▶ What to produce
An exact copy of all the data is needed, with every picture left out.

▶ Data provided
= = =

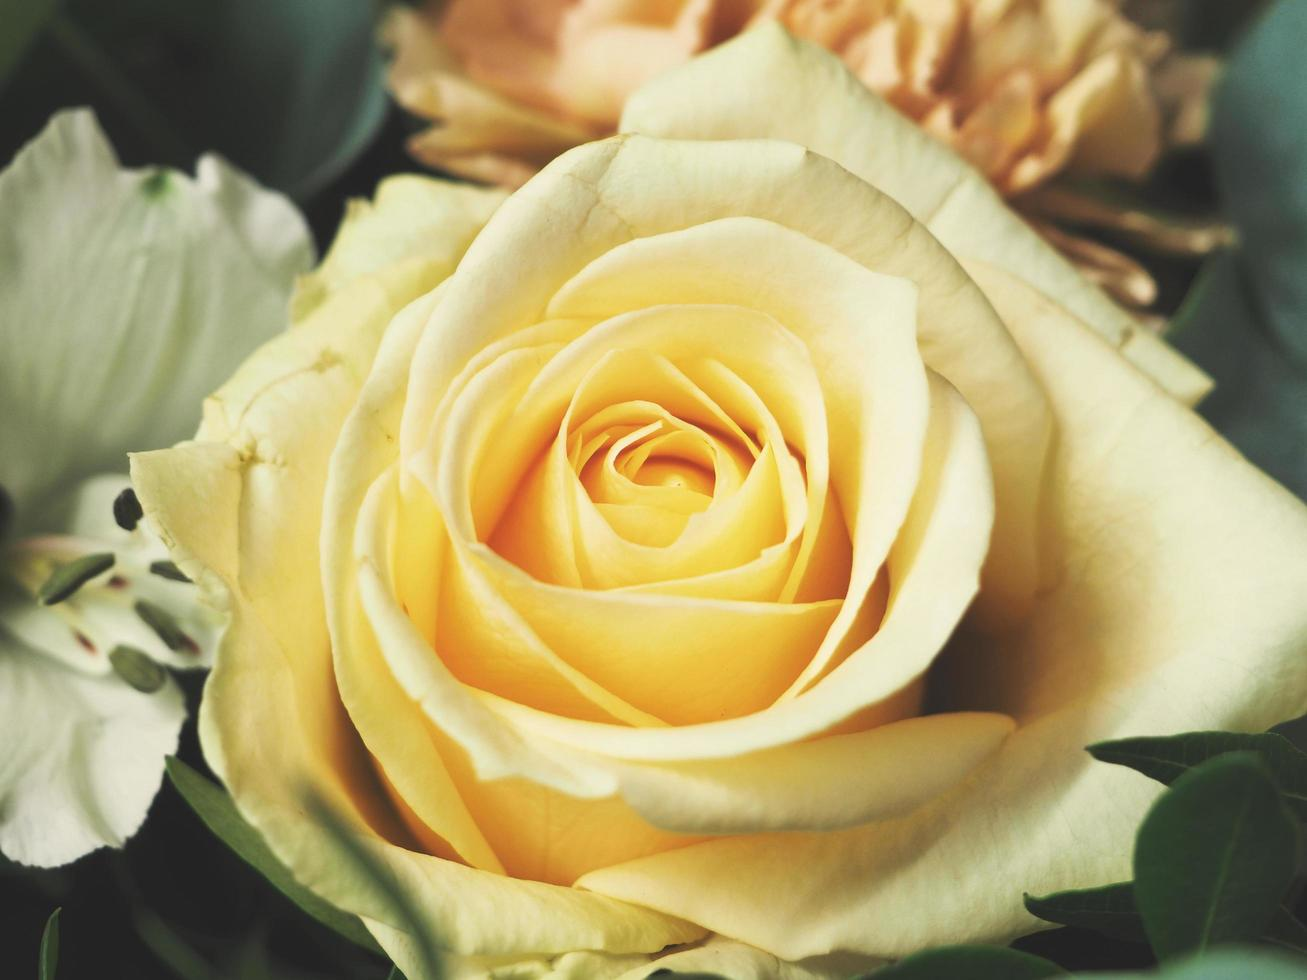 Close-up of yellow rose photo
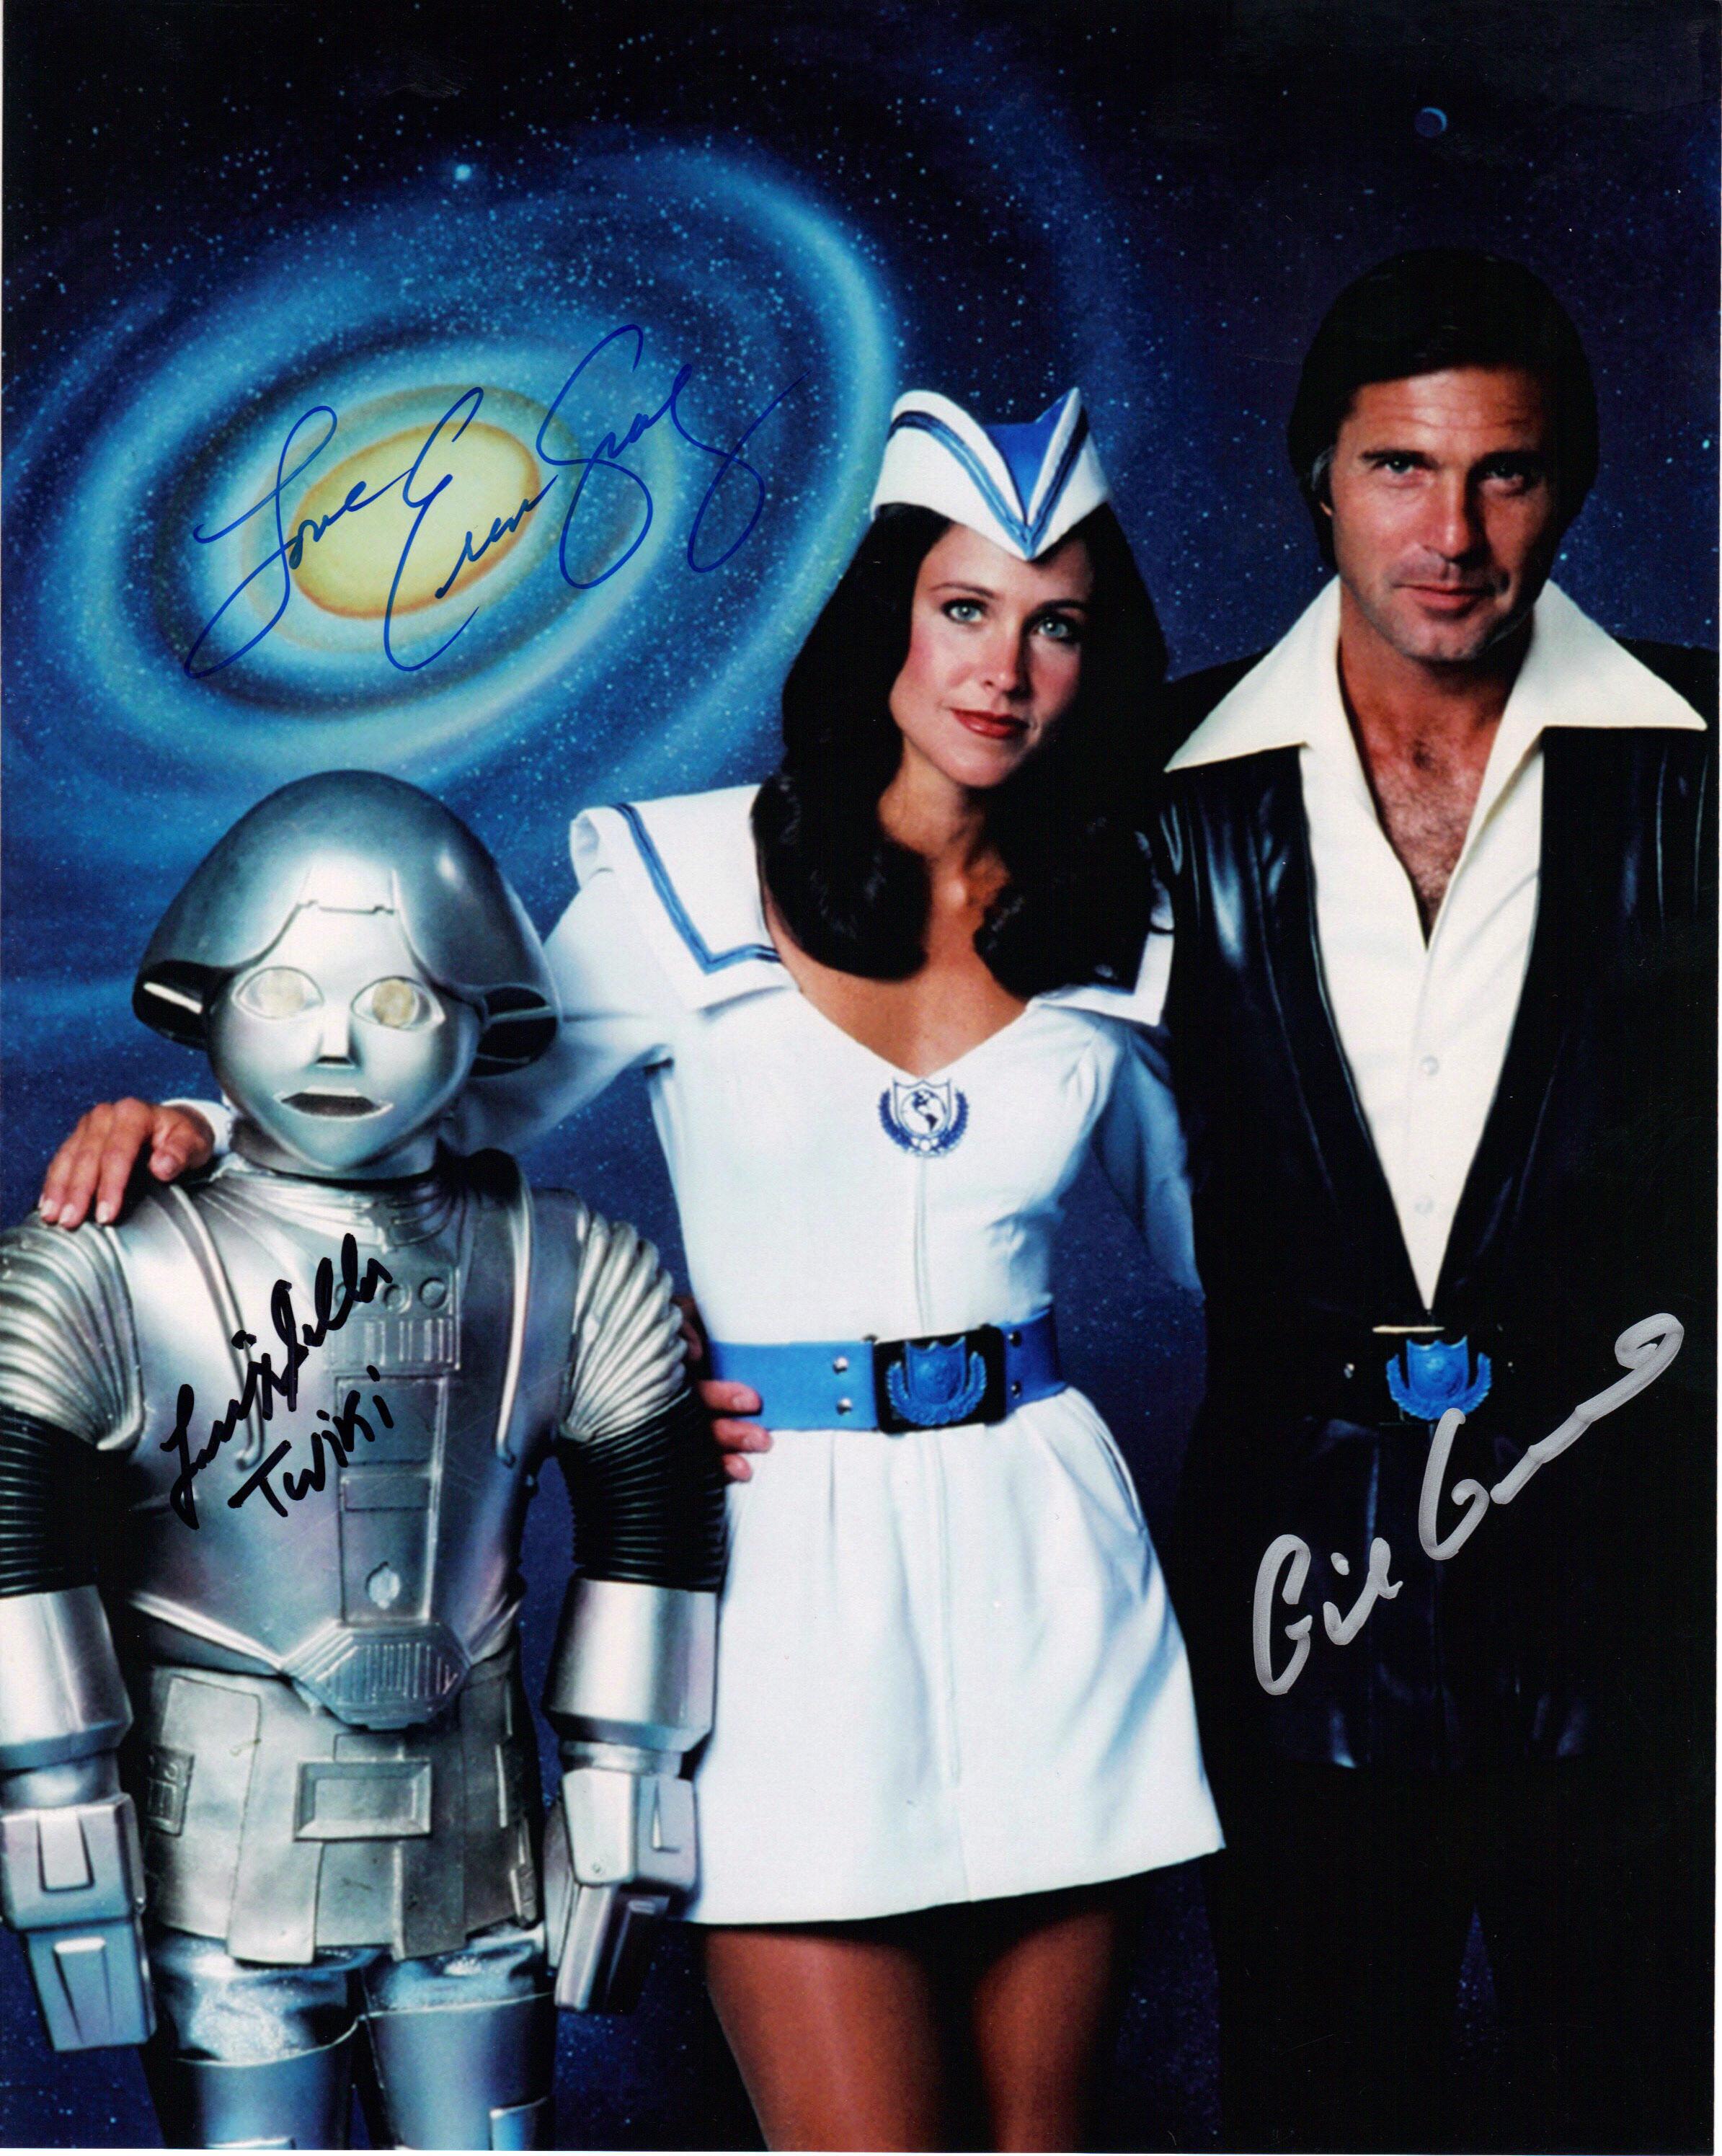 Buck Rogers cast of 3
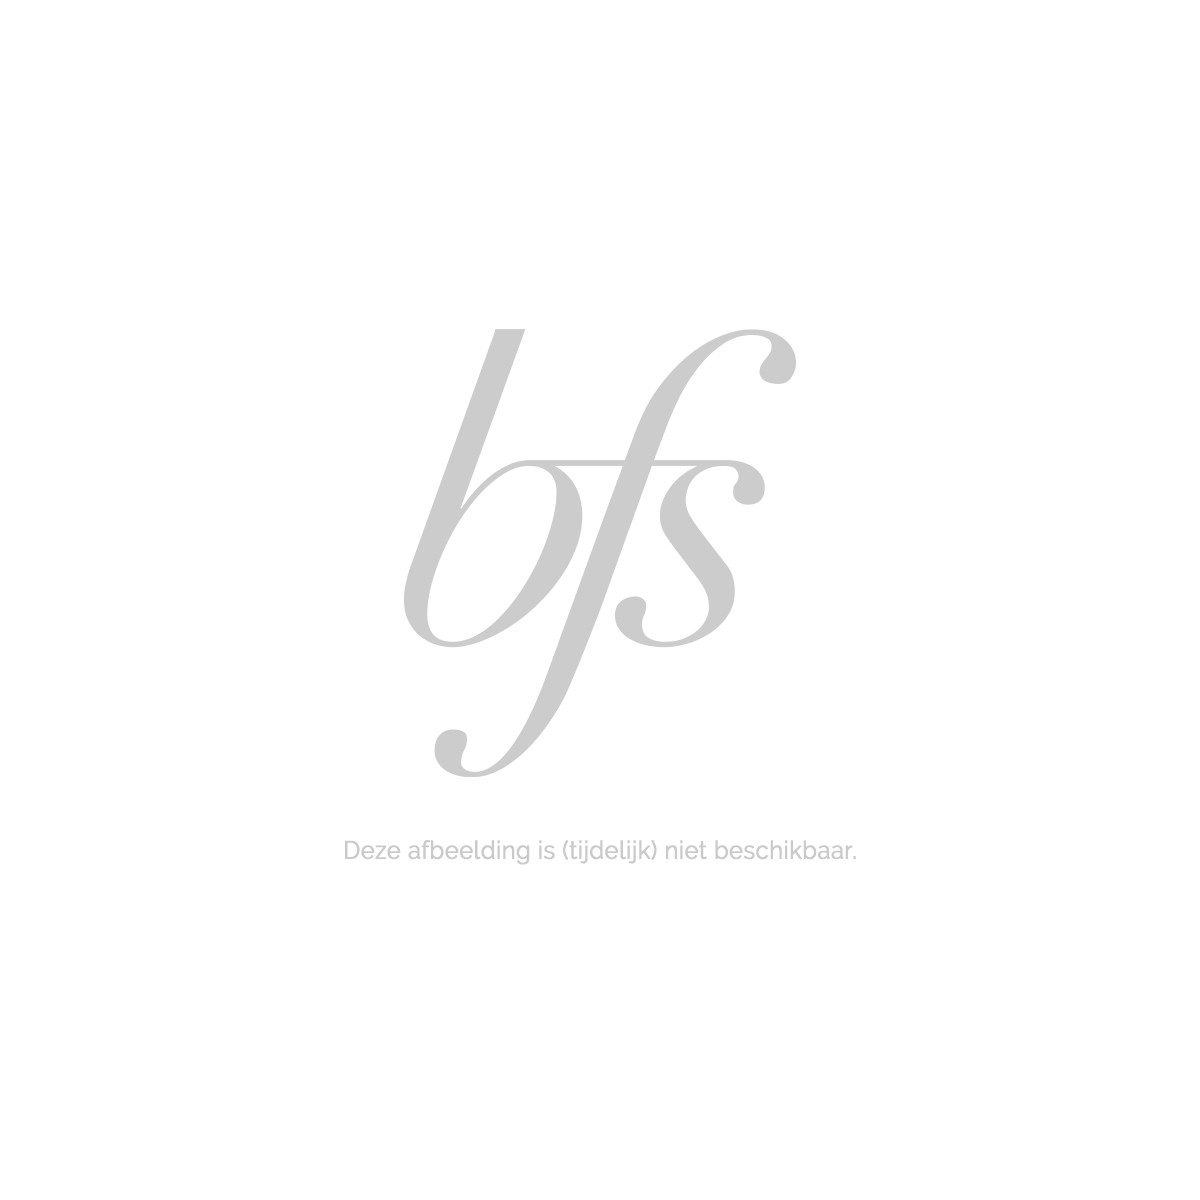 Christian Dior Diorskin Nude Skin-Glowing Makeup Spf15 30 Ml
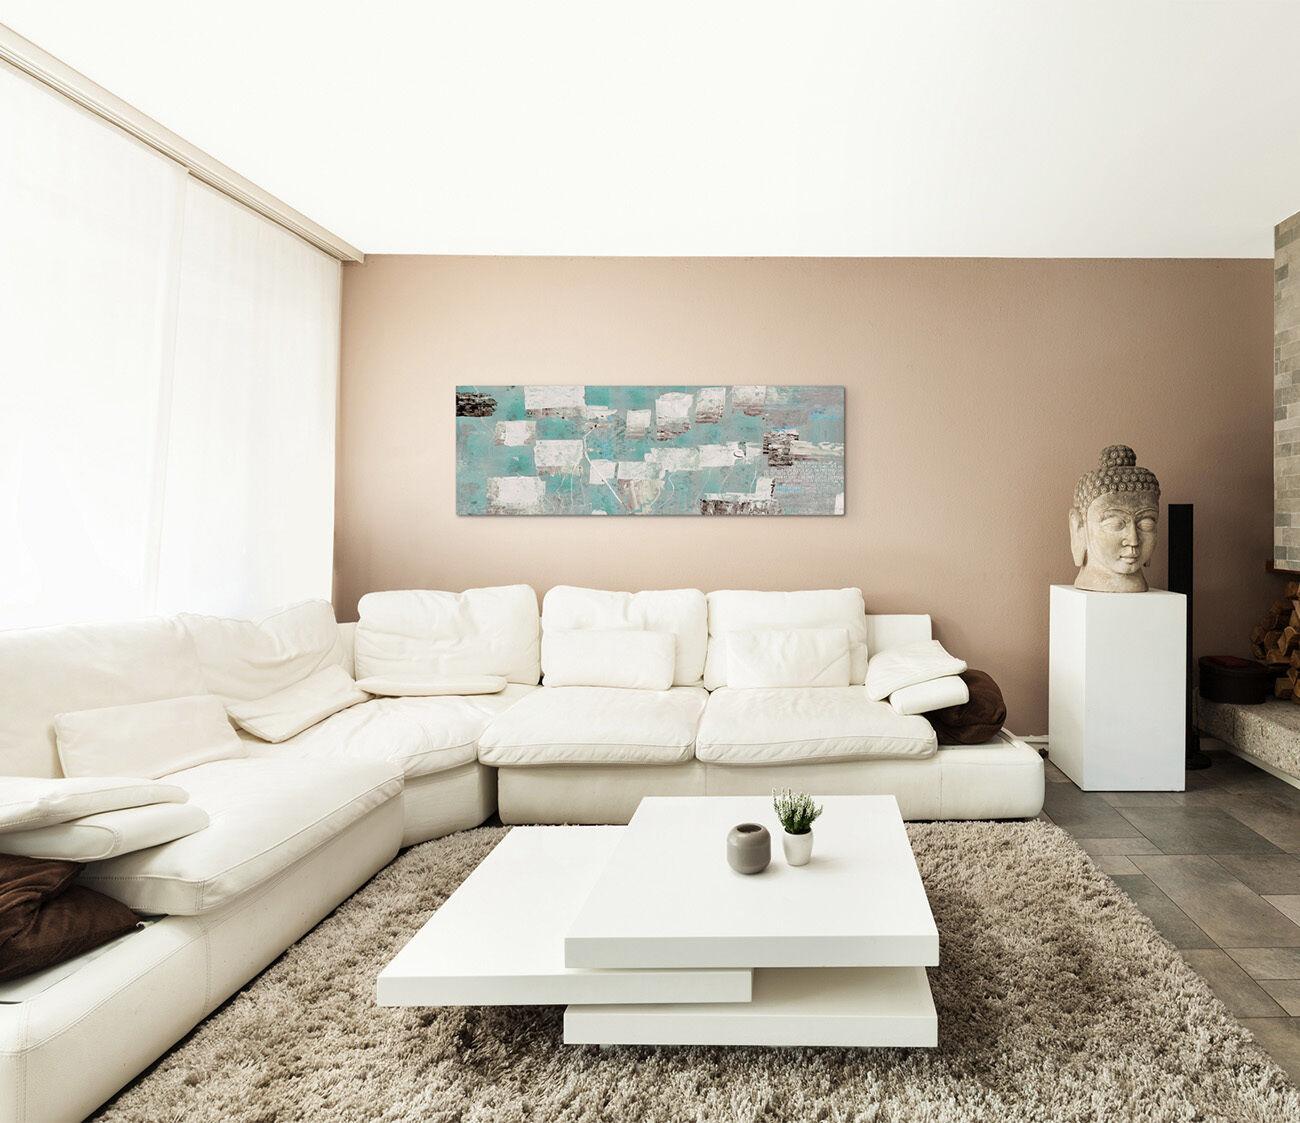 leinwandbild panorama grau t rkis schwarz beige paul sinus. Black Bedroom Furniture Sets. Home Design Ideas

= = =

▶ Solution
 Close-up of yellow rose photo
 Buck Rogers cast of 3
 Christian Dior Diorskin Nude Skin-Glowing Makeup Spf15 30 Ml
 leinwandbild panorama grau t rkis schwarz beige paul sinus. Black Bedroom Furniture Sets. Home Design Ideas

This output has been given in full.